Past Lives (2023, US & South Korea) - Just go ahead and give this the Oscar for Best Picture. It’s a beautiful movie about romantic love—the secondary loves who fit into our lives and the soulmates who don't. A-

 

Red Rocket (2021), The Florida Project (2017), Tangerine (2015) — All of these Sean Baker movies are outstanding. Baker belongs in a class with Chloé Zhao (The Rider, Nomadland). They each find stories to tell in the lands in between the over-represented cities of NYC and LA. Both Baker and Zhao often employ non-actors, who are so good they make you wonder if we ever needed professional actors in the first place. Baker’s movies are set in the dingy fringes of America, where people live beneath the shadow of industry, are assaulted by (or assault themselves with) noise, and who malnourish themselves to death with cigarettes and donuts. Their downtrodden towns might be grimy, but a few splashes of pastel joy speak to an indomitable American hope and an up-against-the-odds fierceness of spirit. A-

 

Killers of the Flower Moon (2023) - This movie was infuriatingly dull and long (3.5 hours!), but let me say nice things about it first. It did an admirable job documenting the step-by-step crimes committed by small-town mobsters against the Osage Nation. The movie seems determined to get us to remember a tragedy that was never properly remembered. I only wish this movie felt more like a story than a docudrama, with its tedious accounting of crimes committed by an endlessly long cast of characters, whose motivations are never explored and backstories never developed. The acting is great, but there’s hardly a likeable character or a trade of interesting dialogue in the film. Scorsese neglects to capture something meaningful, sublime, or Shakespearean—something story-ish. Instead, he seems obsessed with the smallest of details behind every crime. Spielberg’s Schindler’s List is an interesting comparison. Schindler’s is also about evil, but Spielberg managed to make something beautiful with content that doesn’t get any darker. Spielberg took some creative risks, found poetic beauty in a story of genocide, and allowed himself a Shakespearean soliloquy or two. Scorsese, in fastidiously keeping things as true to life as possible, may have counterproductively made his movie and the memory of the Osage murders forgettable. C-  

 

The Killer (2023) - It’s interesting how some of our great directors (Scorsese, Killers of the Flower Moon and Ridley Scott, Napoleon) are stumblingly taking on sweeping epics in the final stages of their career, while David Fincher has chosen to tell a much sleeker and specific story—about an assassin seeking revenge. I strain to figure out if this movie is trying to say anything or just be a more cerebral John Wick. To be generous, it’s a critique of the ascetic self-mastery — as well as the whole “quantified self” trend — which can shield us from the feelings that get in the way of accomplishing a hard task.

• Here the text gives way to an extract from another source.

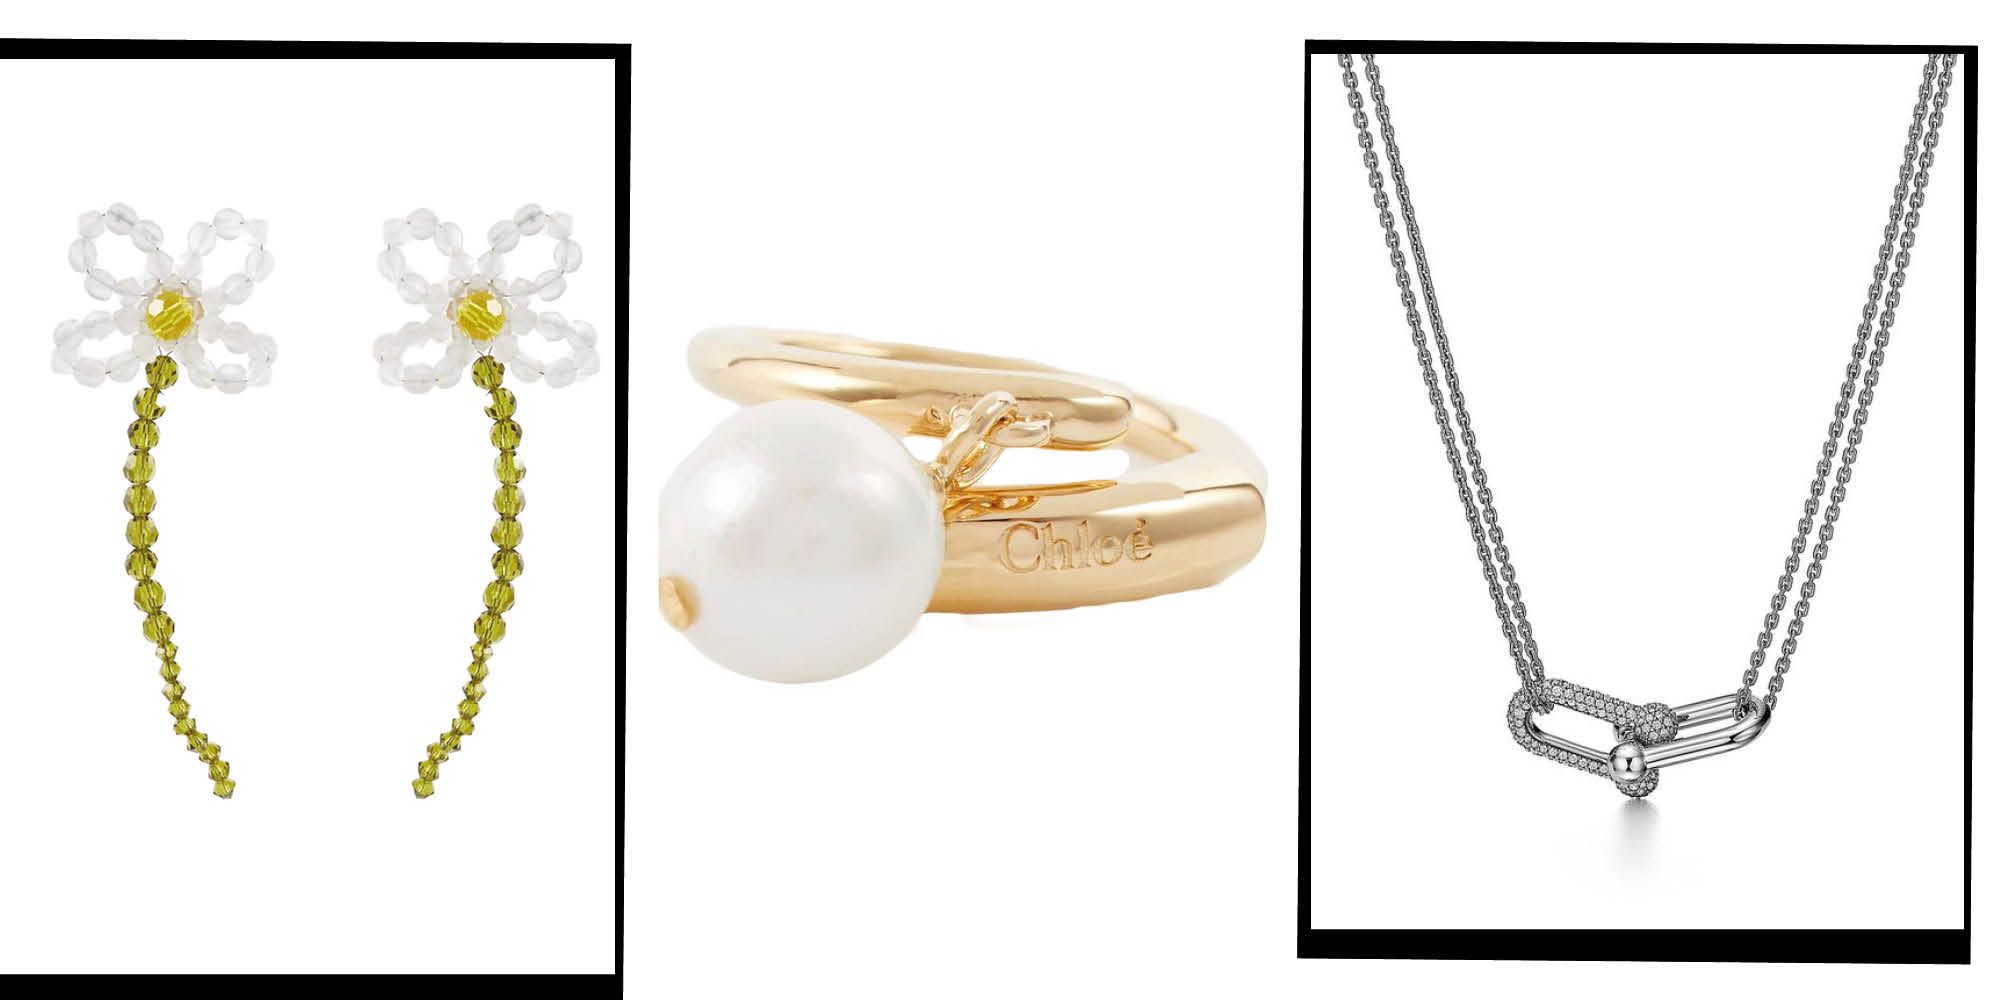 Cruiser Earrings - Luxury All Fashion Jewelry - Fashion Jewelry

That’s all well and good, but I just wasn’t buying it: There was no way Michael Fassbender’s robotic contours contained enough of a beating heart for him to keep a sweetheart in Central America. C+

 

Audiobooks 

 

The Killer Angels (1974) by Michael Shaara - This is historical fiction, from which the film Gettysburg was adapted. The author’s trick of telling each chapter from a different character’s point of view is effective, especially in capturing the Confederate and Union psyche. A-

 

A Thousand Trails Home: Living with Caribou (2021) by Seth Kantner - A wonderful mini-memoir about a man’s lifelong (and ever-changing) relationship with caribou. Kantner’s relationship must evolve alongside technological innovation in weaponry and snow travel, as well as state hunting politics and an Alaska now baking under the heat of climate change. It wrestles with the question, “How should we be with nature in the 21st Century?” B+

 

Books 

 

Encounters: Experiences with Non-Human Intelligences (2023) by D.H. Pasulka — I enjoyed the first 3/4ths of this book, in which the author introduces a whole bunch of interesting concepts (such as how a growing body of UFO sightings and other inexplicable encounters are manufacturing a new and interesting spirituality). But I wish the content was curated a bit more vigorously. I can take in stories about UFOs better (with the many documented sightings legitimized by stodgy institutions like the Pentagon and NY Times) than the unsubstantiated freaky bedroom encounters with St. Michael.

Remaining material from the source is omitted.